**Work request:** Could you set down the listing below exactly and omit its images?

**Dataset extract:**
■ ■ ■ ■

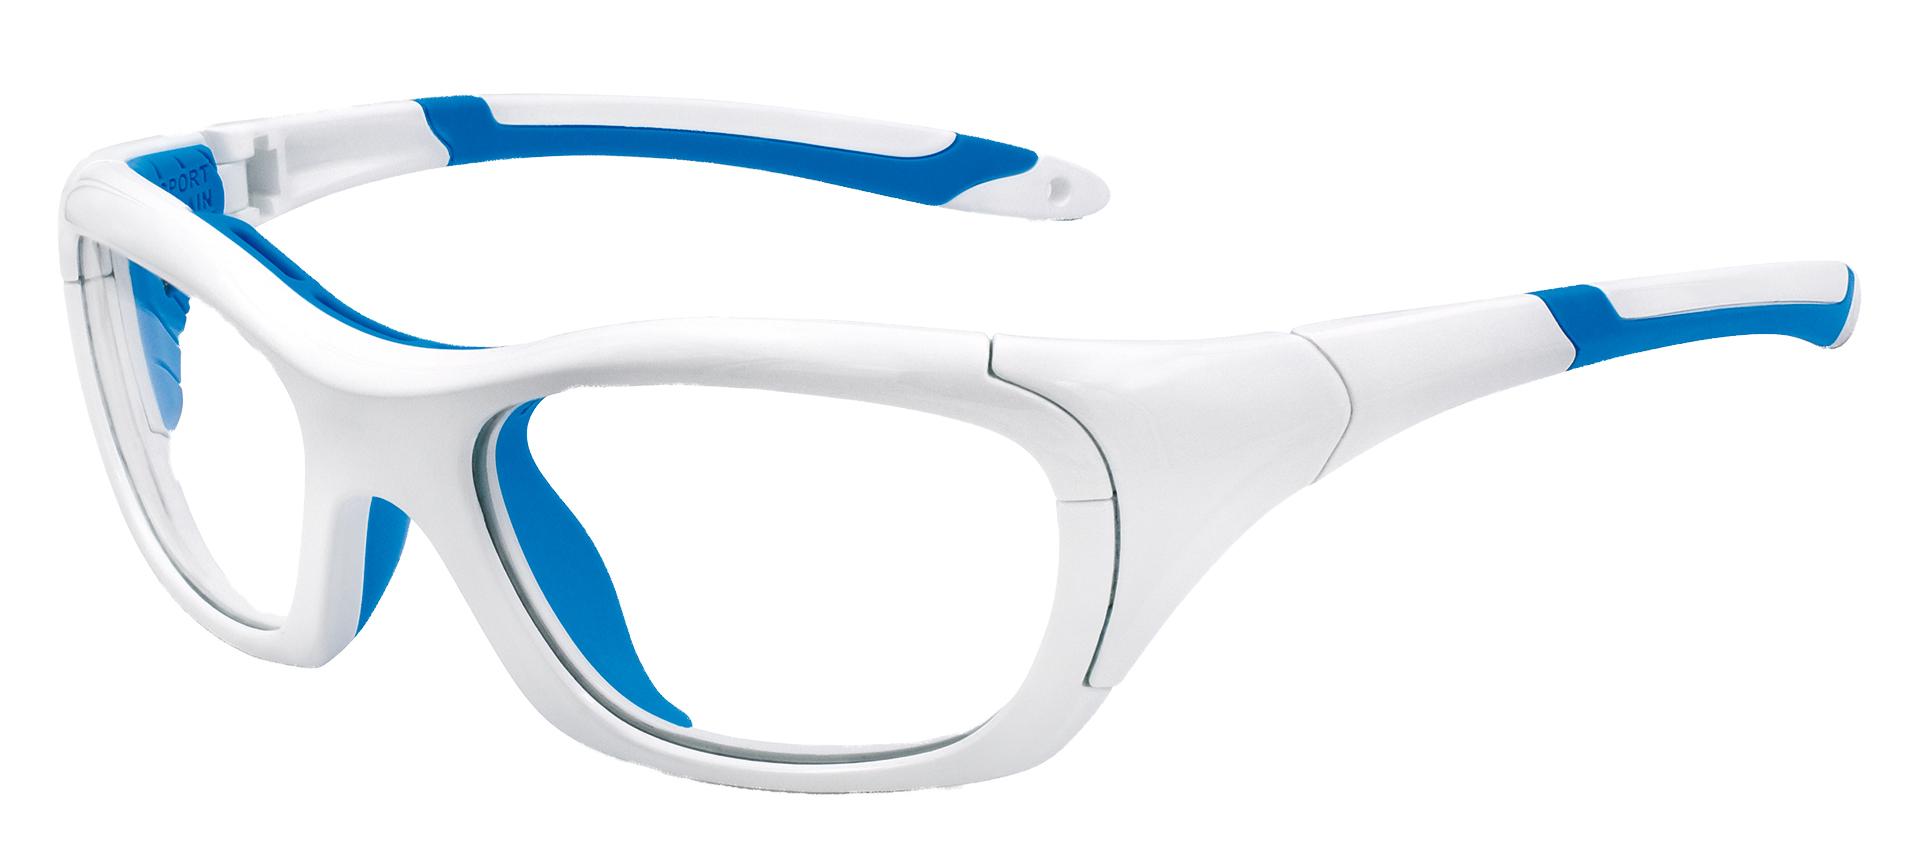 203fa17813 Eyewear for Kids - 8-10 years - Optiwow
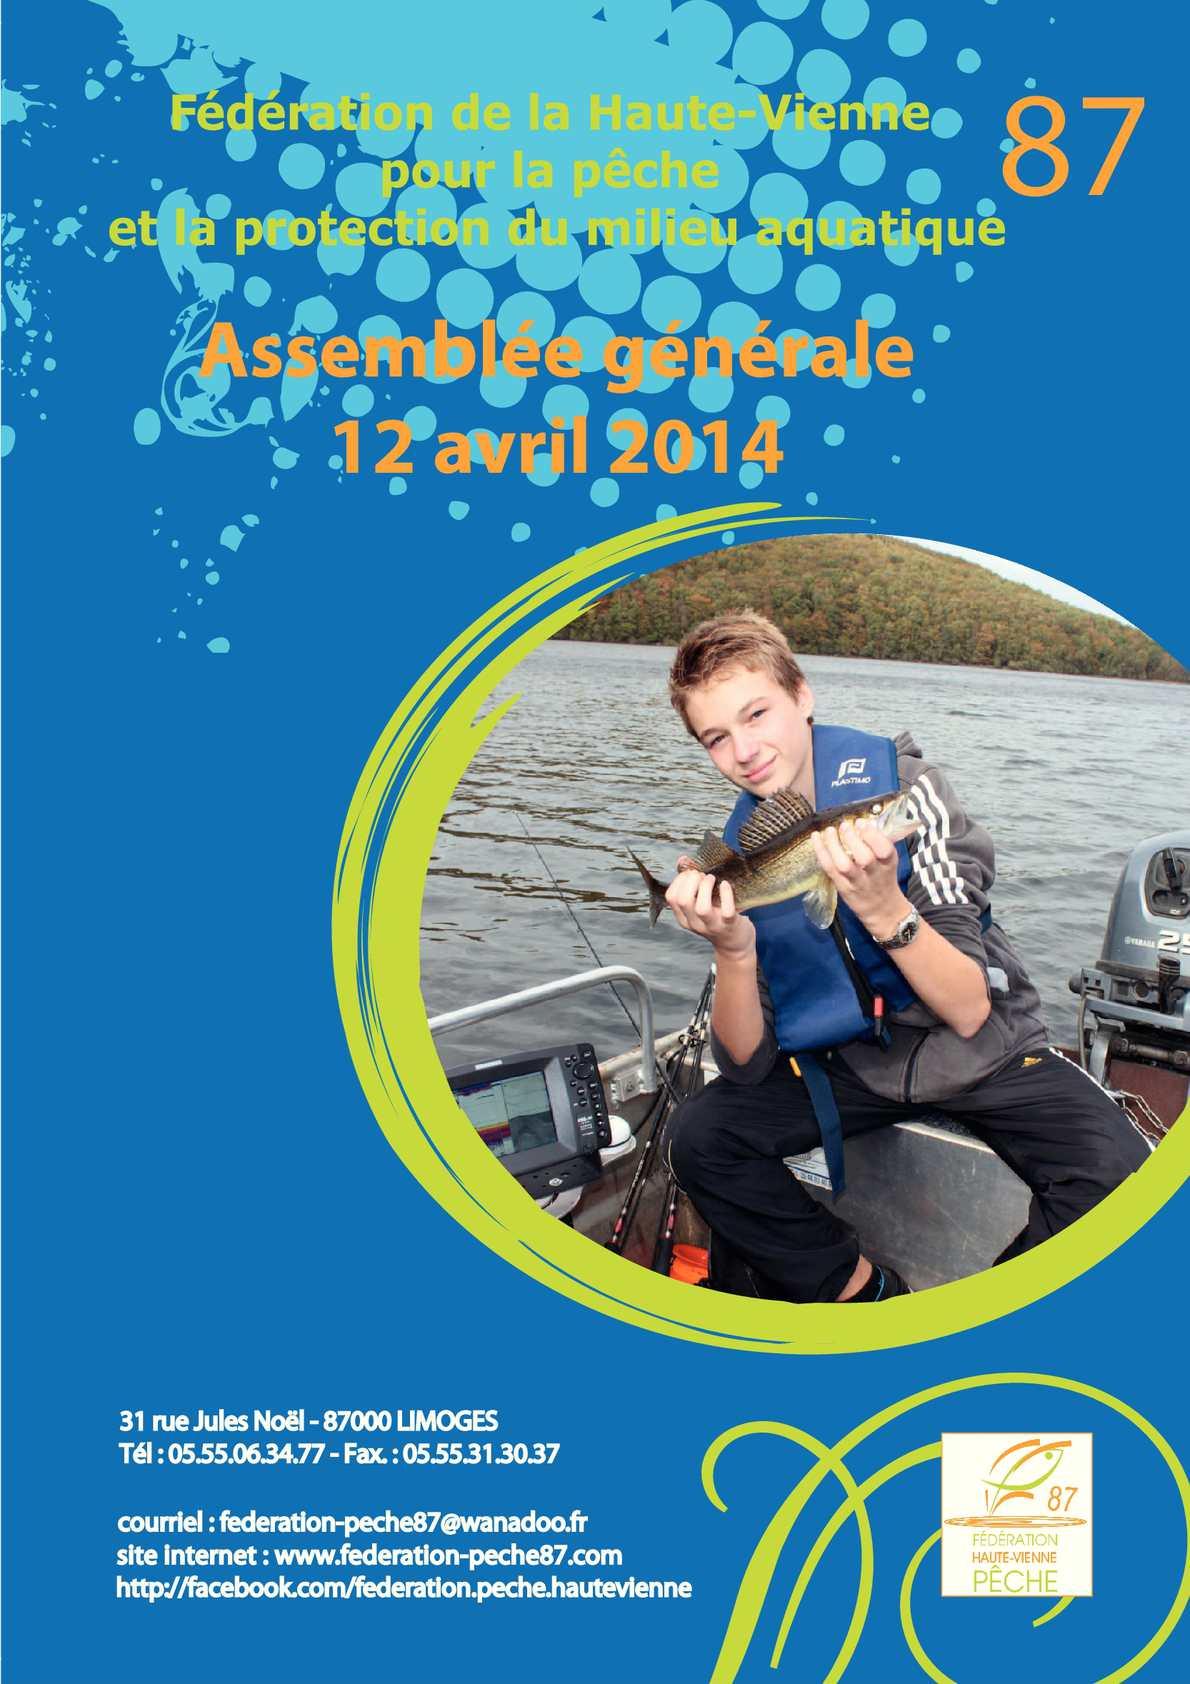 Calam o bilan d 39 activit s f d rales 2013 - Chambre d agriculture haute vienne ...
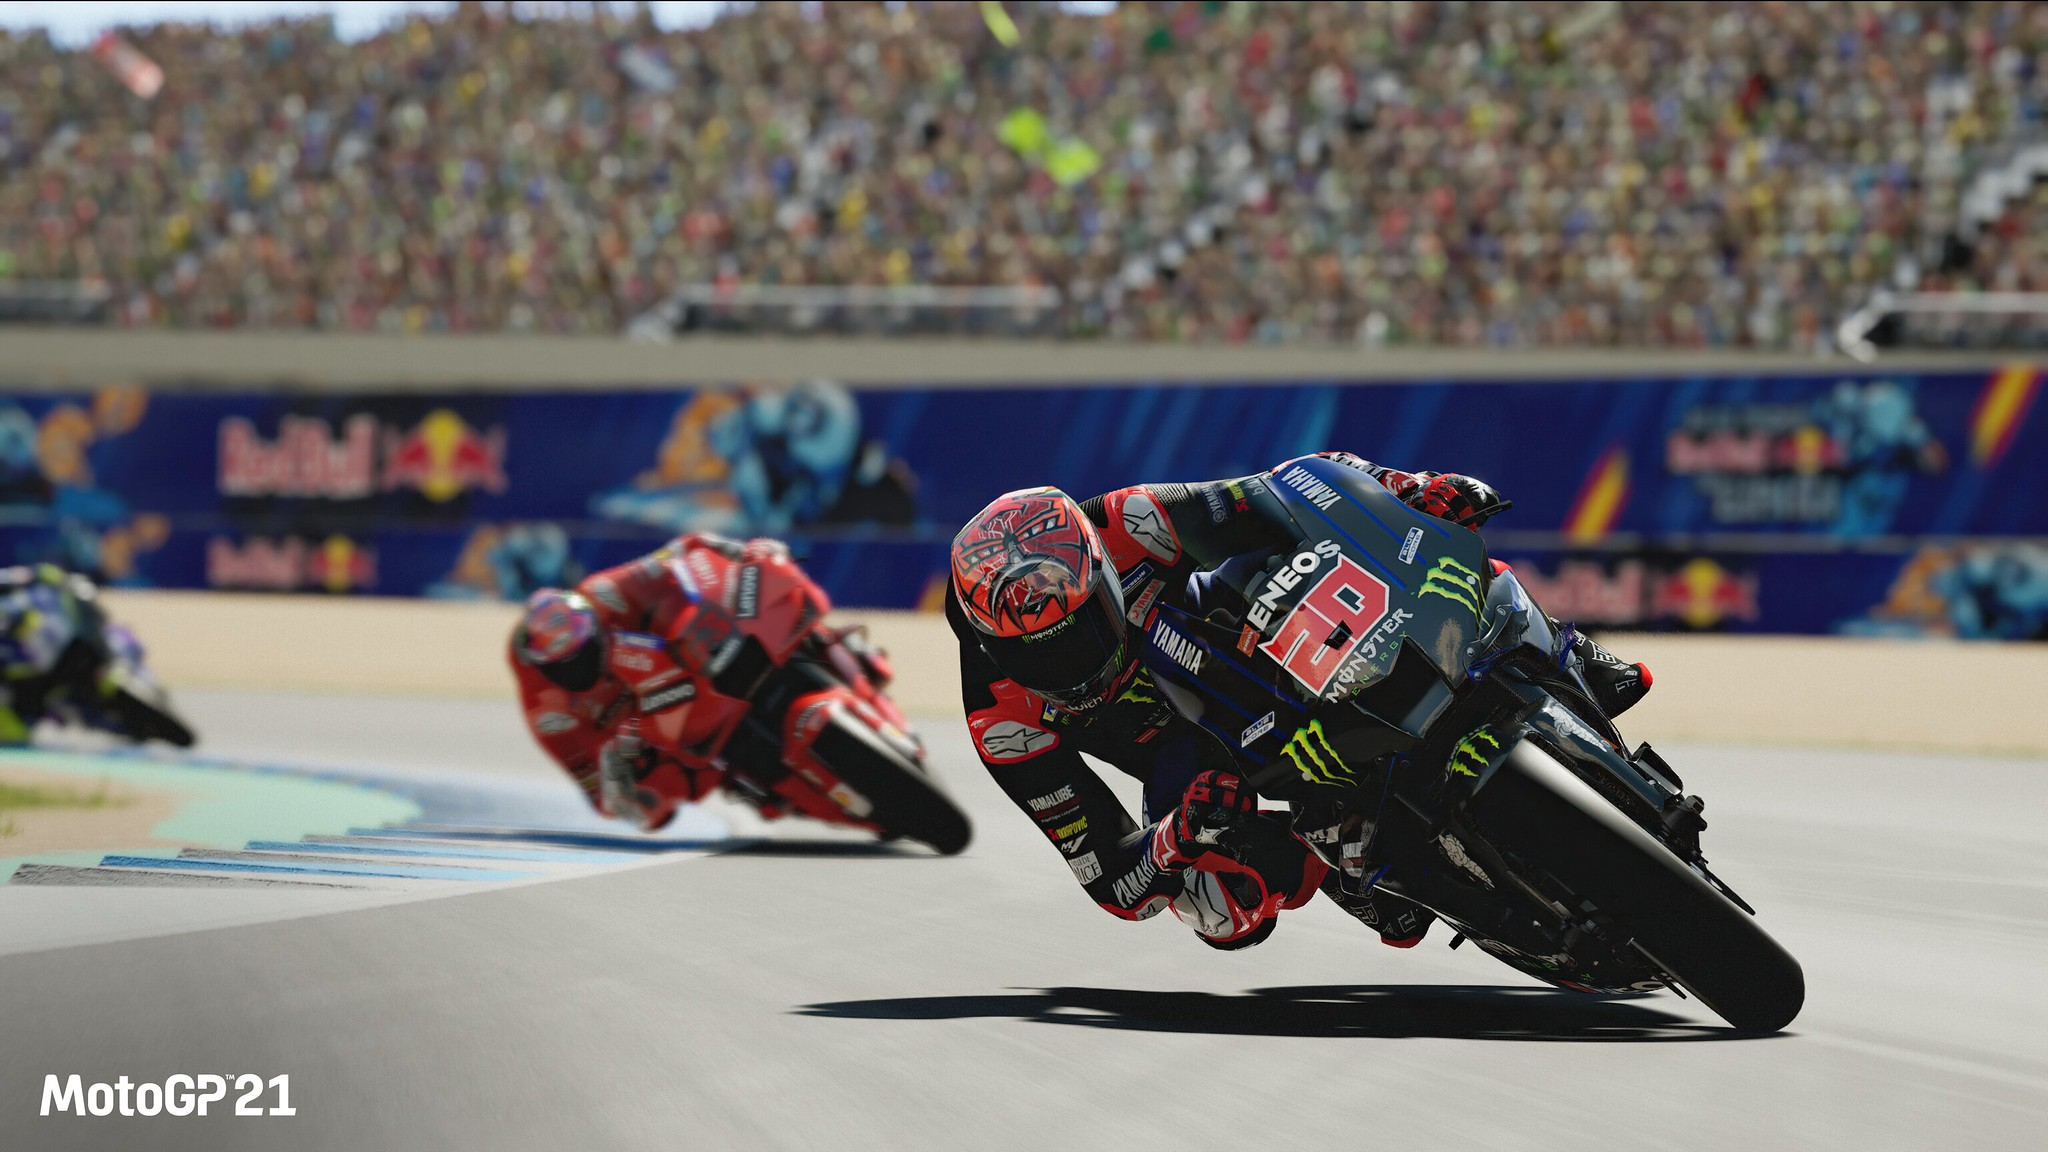 MotoGP-Pure-Gameplay-01-4K-1

■ ■ ■ ■

**Task answer:**
 203fa17813 Eyewear for Kids - 8-10 years - Optiwow
 Calam o bilan d 39 activit s f d rales 2013 - Chambre d agriculture haute vienne ...
 MotoGP-Pure-Gameplay-01-4K-1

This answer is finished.